Final Transformation

Improved profile and balance visibility

We re-organized the header area to give the user balance a more central position and to make the related actions clearer and more accessible.

From hamburger menu to My Account

Our research indicated that the functions under the hamburger menu were not understood and there was not a lot of context of what goes in there. We created a new section in the app to manage account and made the function clear and obvious by placing it inside our new header.

Dynamic Notification Area

We came up with a new dynamic notification area that replaces the username and can be used to notify the user of key account statuses like being eligible for a loan, running on a low balance, etc.

All new service icons

The existing design used too much of yellow and the research conducted previously showed the users leaning against these fully yellow icons, which look more decorative than functional. As a result we placed each service icon inside a container, gave it some elevation to seem tappable like a button and chose a visual language for icons that was less elaborate.

A functional tab bar

The older experience did not really have a tab bar but rather just three services at the bottom of the homepage. While we wanted to improve this experience, we also wanted to be vary of the fact that a lot of our users are used to finding these services at the bottom of the homepage.

We cleaned up the bottom bar to align it with the standard tab functionality and added a super search that lets users search services and also brought down the In Invite & Earn service to a similar right edge of the screen.

The research indicated that the help was not a very a widely used option from the bottom bar so we found a new place for it at the top of the home experience inside the wallet section to give it more context alongside our new notification center.

Services Drawer

JazzCash hosts more than 50 payment services that its users use.
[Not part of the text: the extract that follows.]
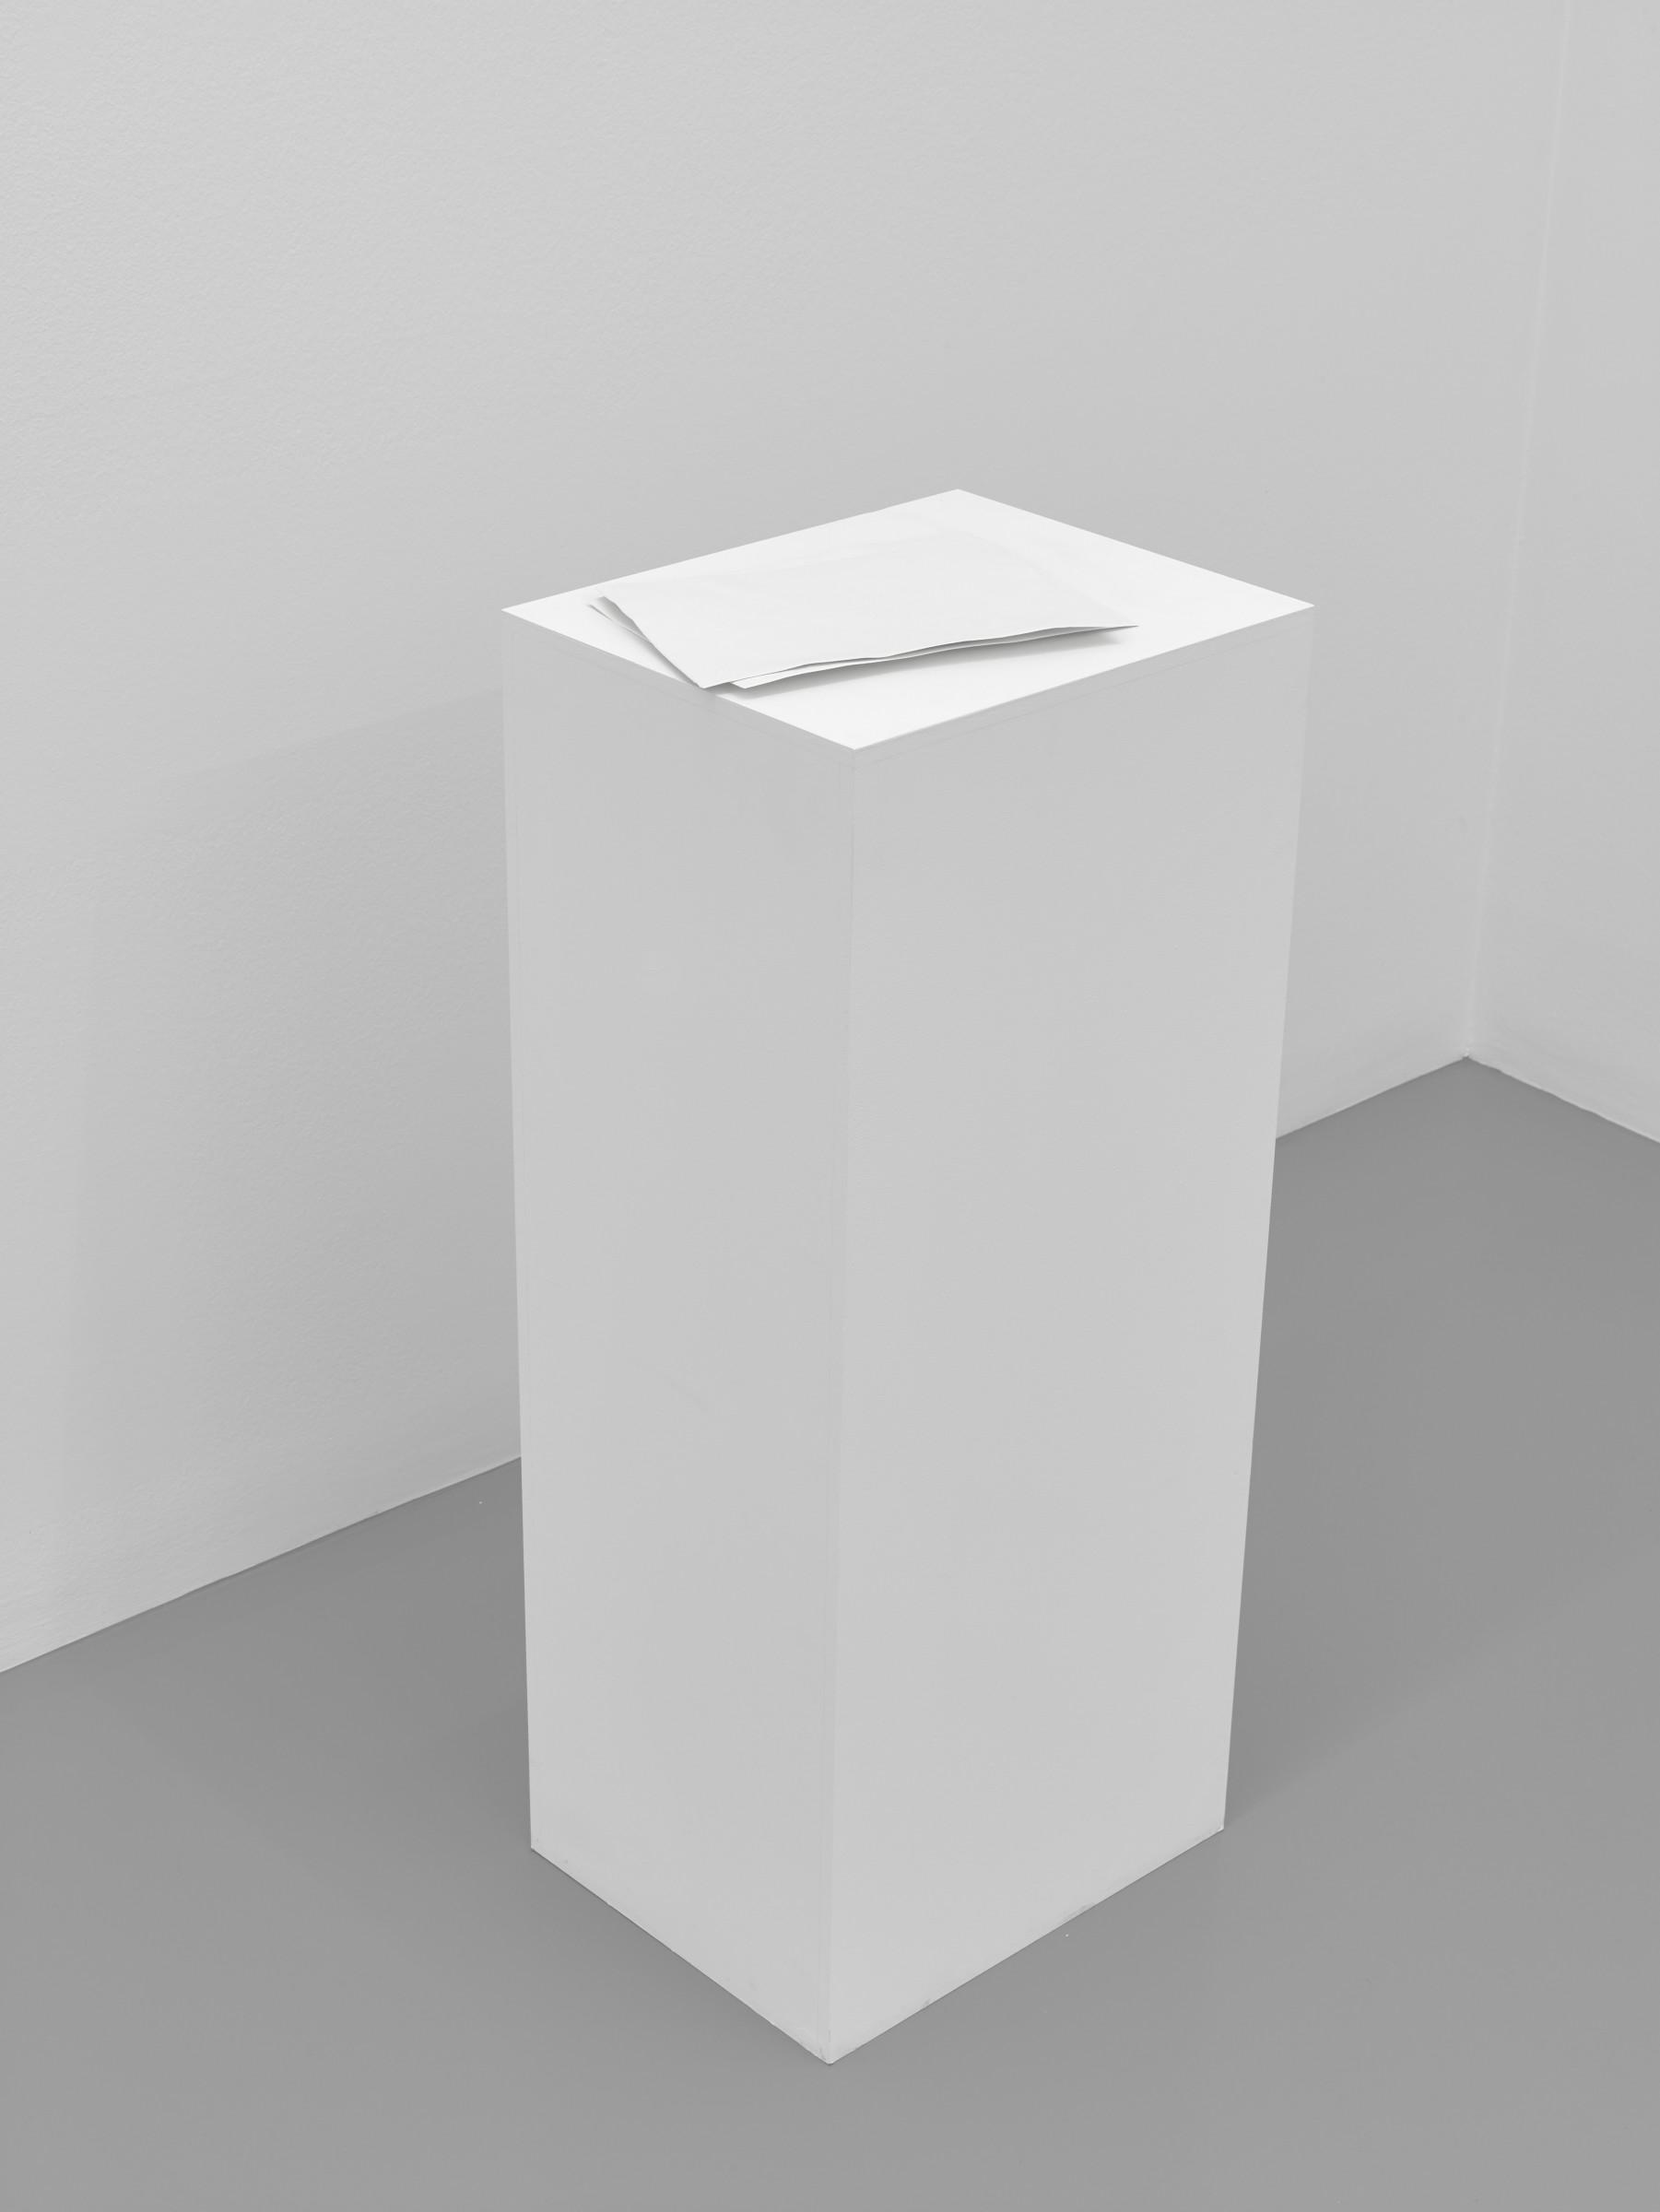 <span class=&#34;link fancybox-details-link&#34;><a href=&#34;/exhibitions/167/works/artworks15537/&#34;>View Detail Page</a></span><div class=&#34;artist&#34;><strong>El&#237;sabet Brynhildard&#243;ttir</strong></div><div class=&#34;title&#34;><em>Untitled</em>, 2017</div><div class=&#34;medium&#34;>plaster</div><div class=&#34;dimensions&#34;>two A4 sheets<br>installed:<br>2 x 22,5 x 34 cm<br></div><div class=&#34;edition_details&#34;></div>

We introduced a services drawer much like how the android app drawer works since over 95% of JazzCash users use Android OS and are super familiar with sliding drawers that host all their applications. For non-familiar users, we added affordance in the form of a drawer handle just above the tab bar and also made the functionality clearer through the app onboarding.

Light/Dark theme Ready

The re-imagined JazzCash also supports Light and Dark theme in line with the new design language.